Actually it turned out that I added a couple of improvements which makes my
implementation superior to the one IBM has.

There are open source ESB's and Broker's, but I did not find (and I think it
is unlikely that there are) comparable proper implementations.

Main areas of future work are:

    
    
      - Add support for JSON
      - Add all quirks that XML has
      - Investigate if JavaScript (or Go) can be used (instead of Java) (and implement it)
      - Sorting (super cleverly with tree map ofc)
      - On-Demand Parser (would be awesome, also hard)
      - Investigate on open source solutions for parsing flat files standards like EDI/EDIFACT or HL7/ORM formats and it's usability together with use-the-tree
    

There is constant change in the IT world (I see a decline of SOA and a push
towards open source), so that I think that this project can have a significant
success in the future.

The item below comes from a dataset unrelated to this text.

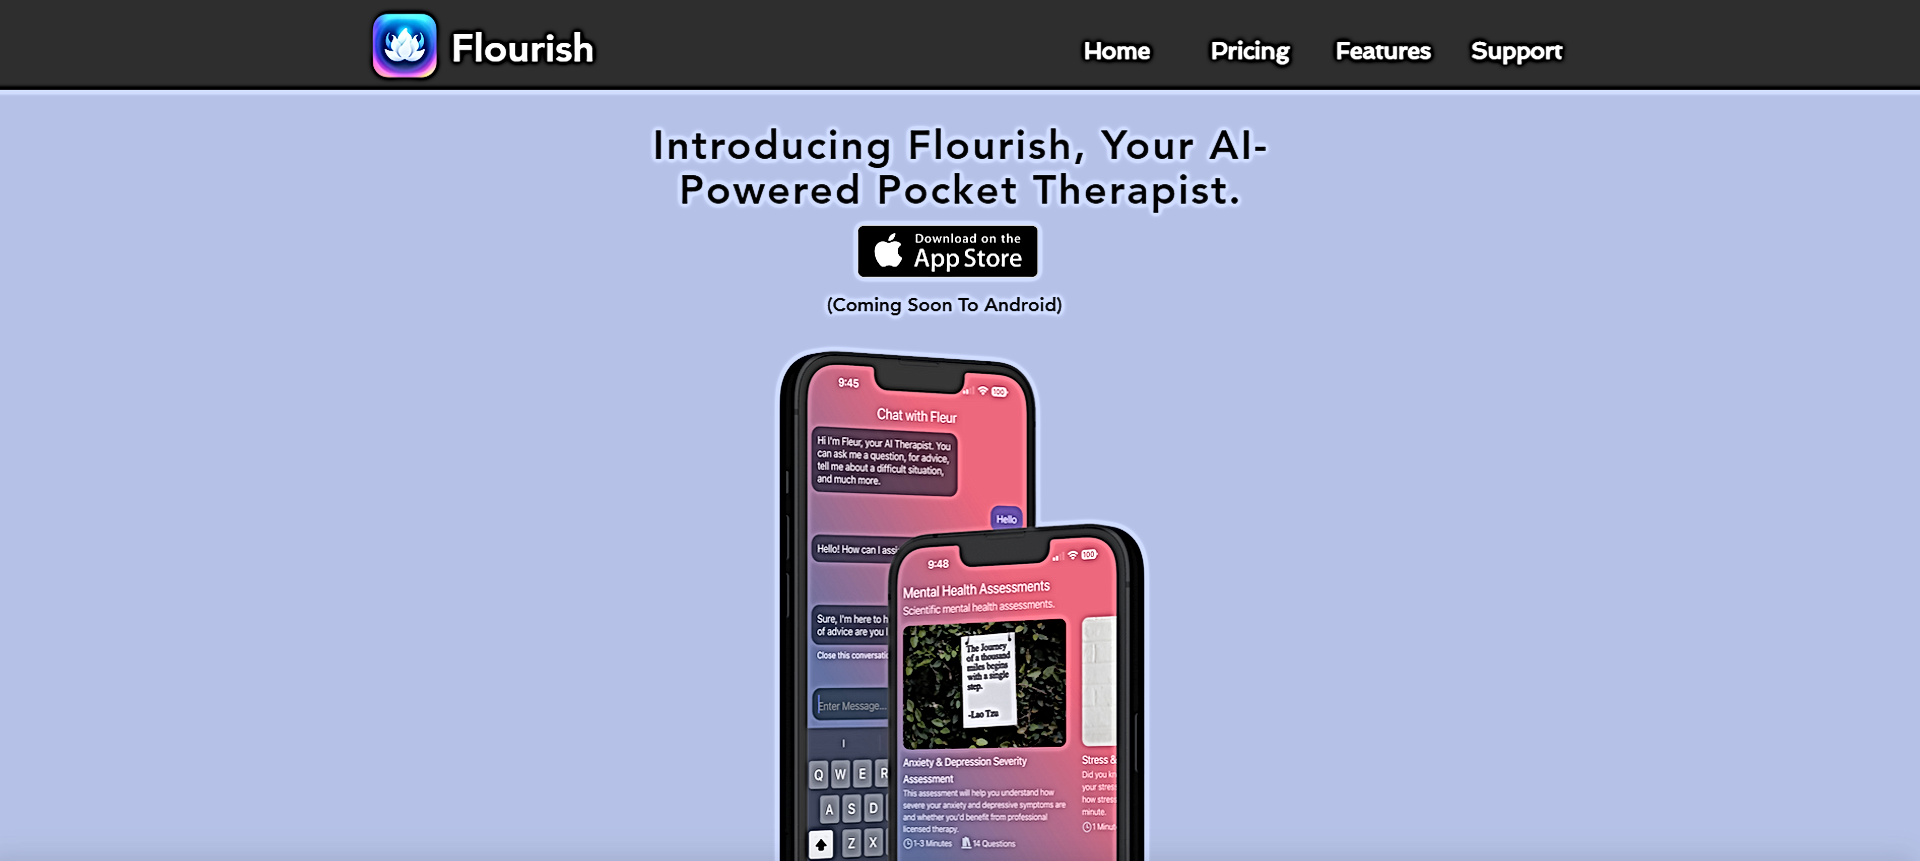 Flourish featured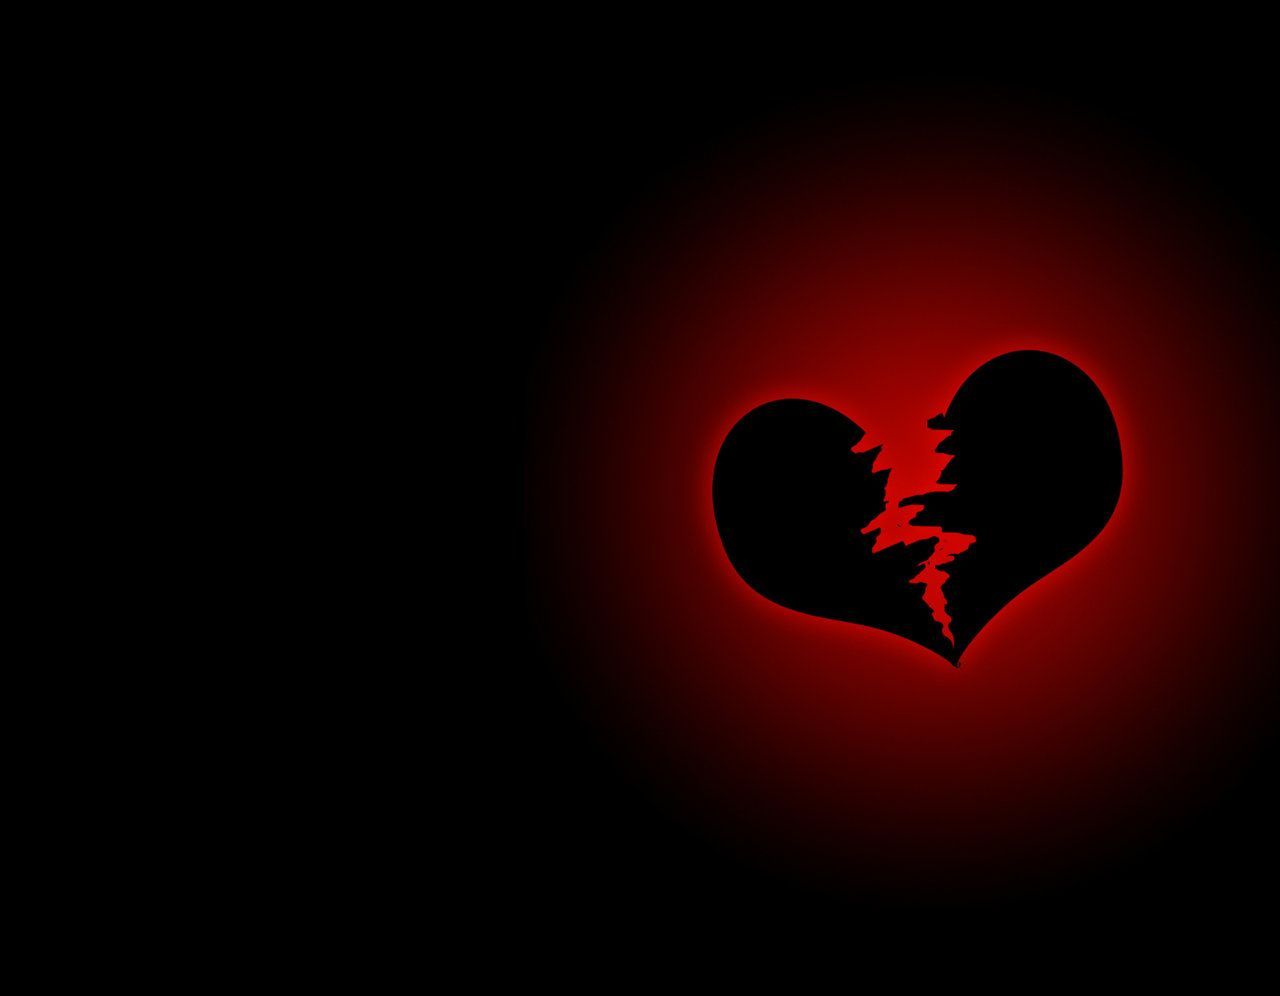 Broken Heart Anime Wallpaper Free Broken Heart Anime Background

Again ... "use-the-tree" is the only thing which is
left of SOA if you remove all the bad parts or the ones that have just
failed... it is "SOA - the good parts" :). It provides strong guidance on how
to do message transformation (to end up with the most efficient transformation
code) as opposed to IBM's approach, which is "we provide you with every
possibility and you better choose wisely".

Xslt would look like it, if xslt would be done properly.

I consider the way message transformation is done a defacto standard (there is
"only one right way") and this is now open source :)